[Source data]

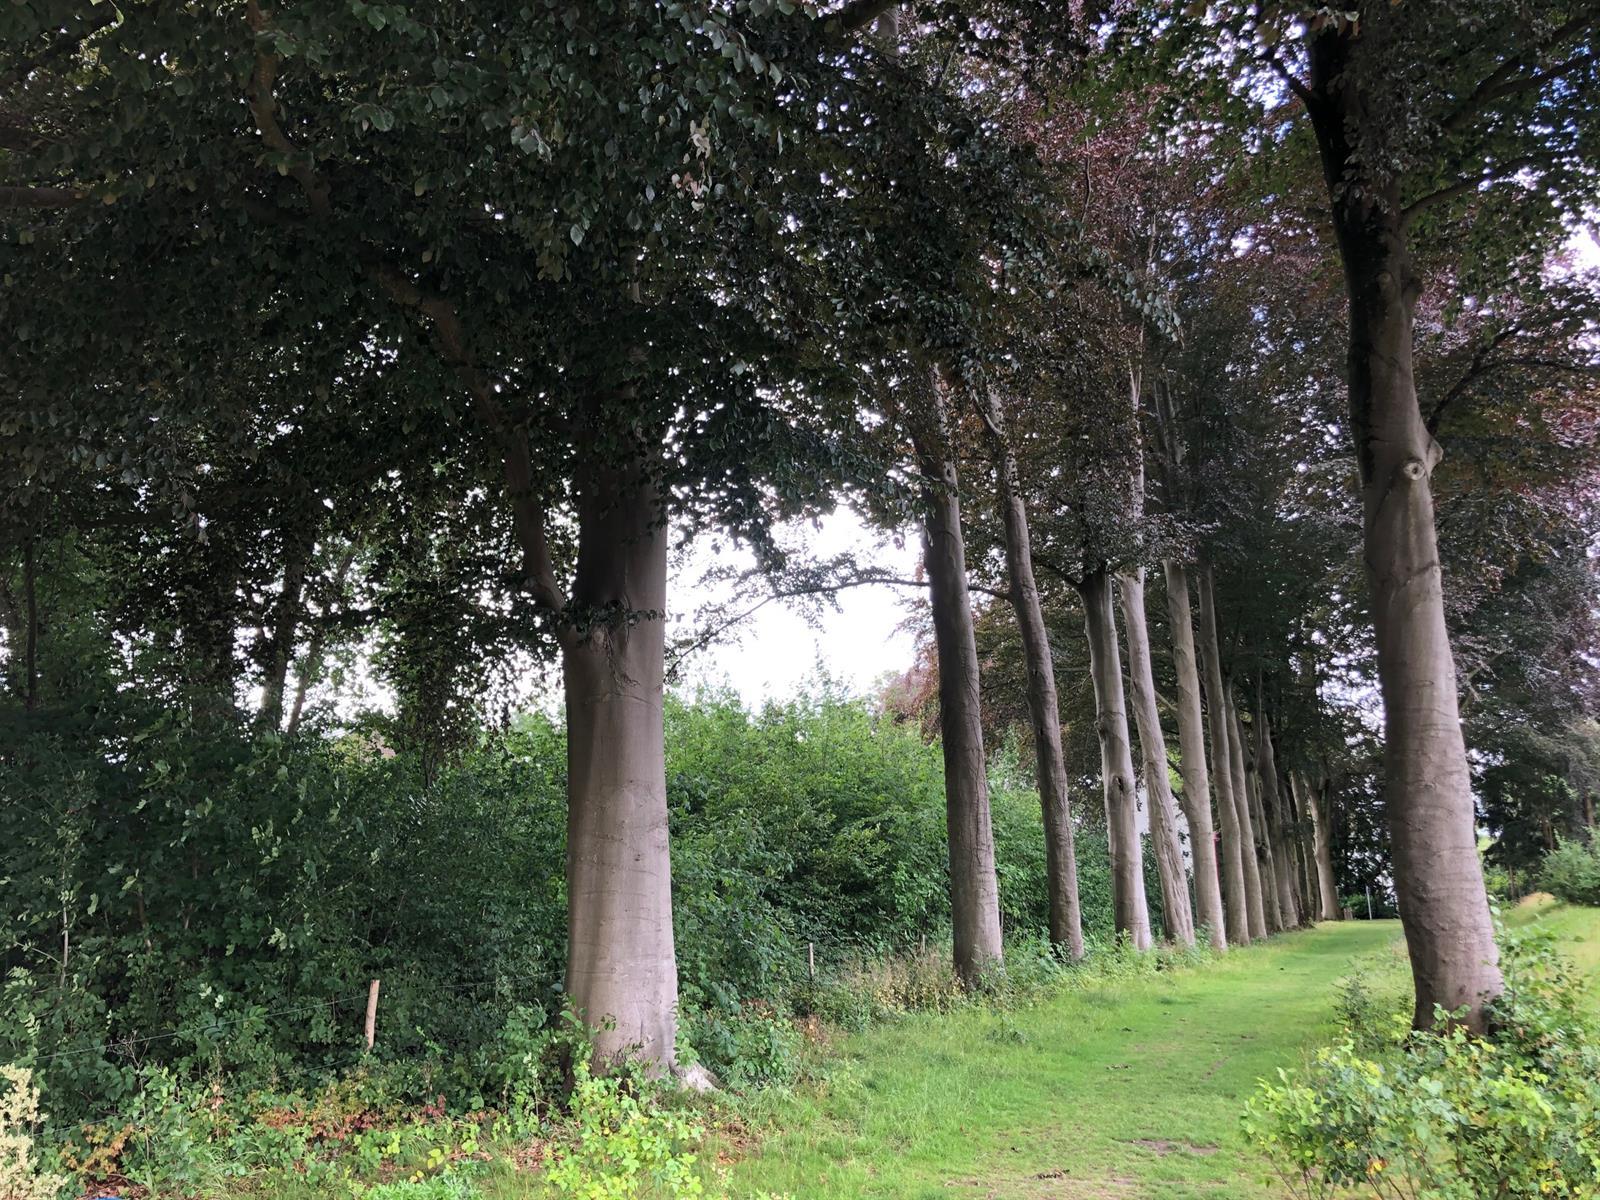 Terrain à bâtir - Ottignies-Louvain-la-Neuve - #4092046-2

[/Source data]
[Source data]

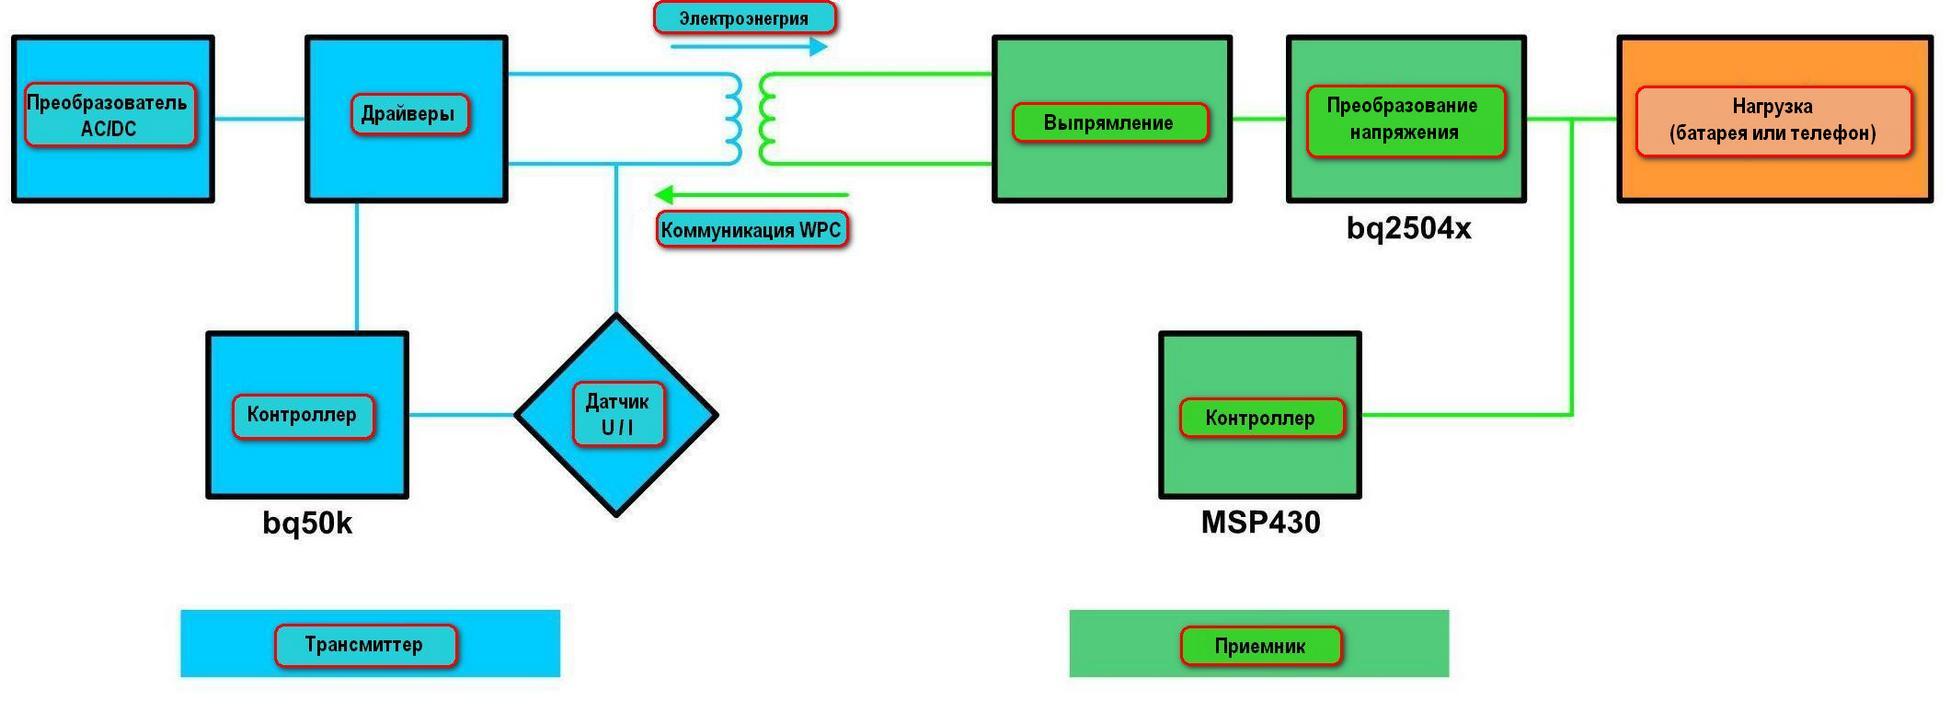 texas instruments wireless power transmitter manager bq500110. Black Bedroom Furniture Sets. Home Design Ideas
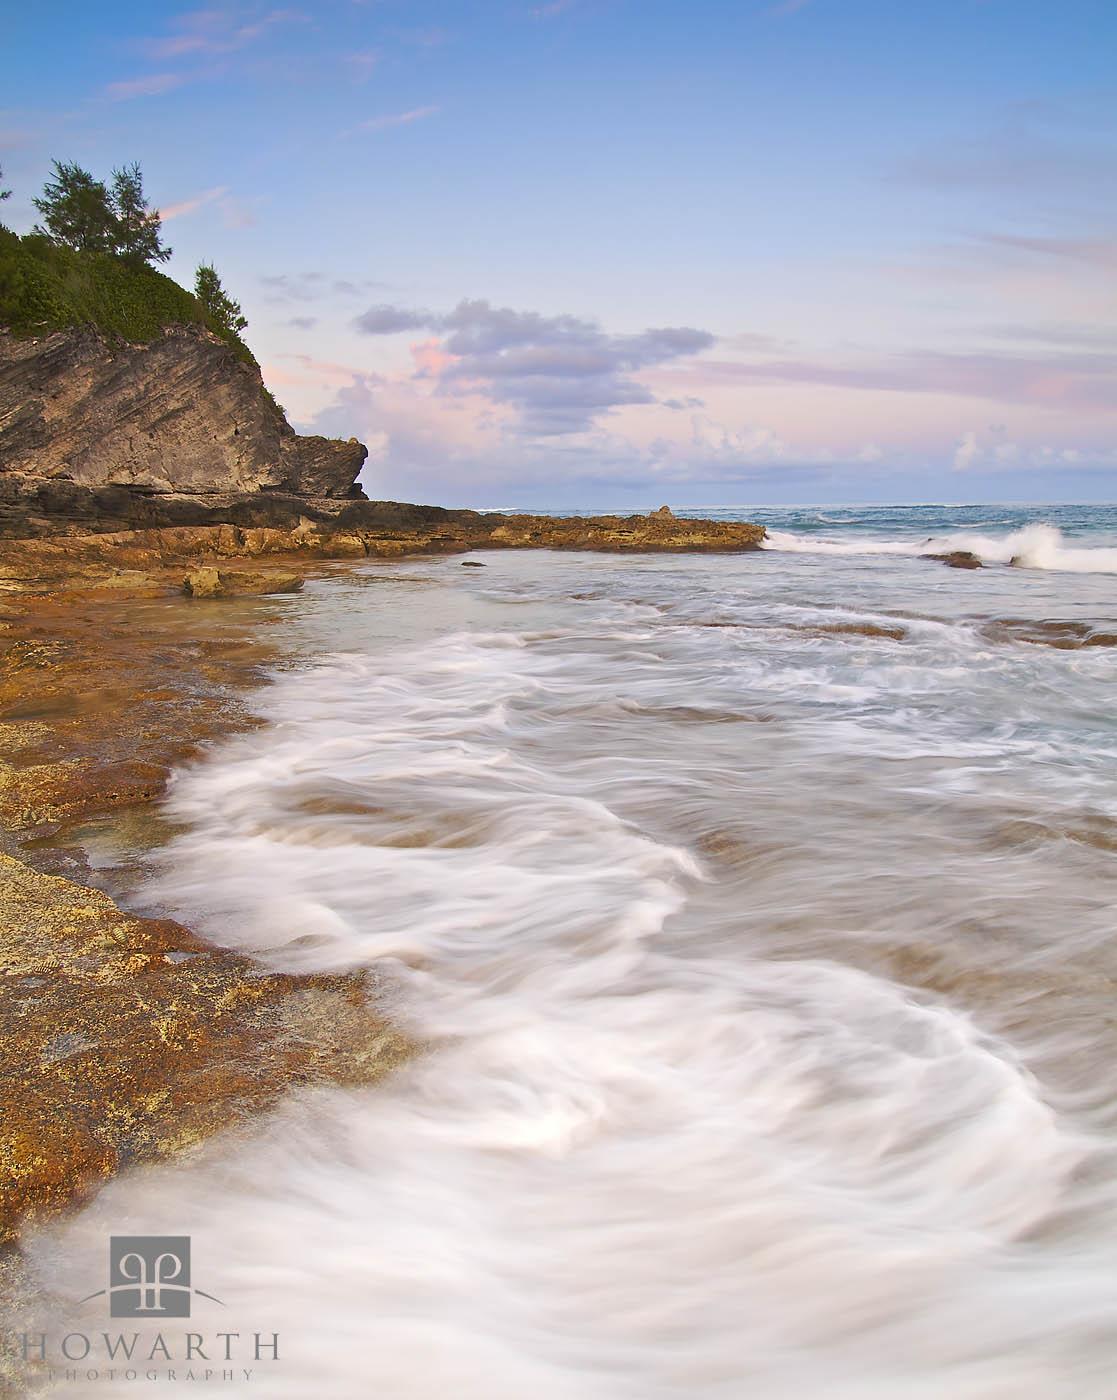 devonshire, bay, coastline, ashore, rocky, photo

[/Source data]

- What is needed -
Could you repeat, exactly, only the lines above starting at the one that has "texas instruments wireless" and stopping after the one that has "devonshire, bay, coastline, ashore, rocky, photo", without the pictures?

- Solution -
 texas instruments wireless power transmitter manager bq500110. Black Bedroom Furniture Sets. Home Design Ideas
 devonshire, bay, coastline, ashore, rocky, photo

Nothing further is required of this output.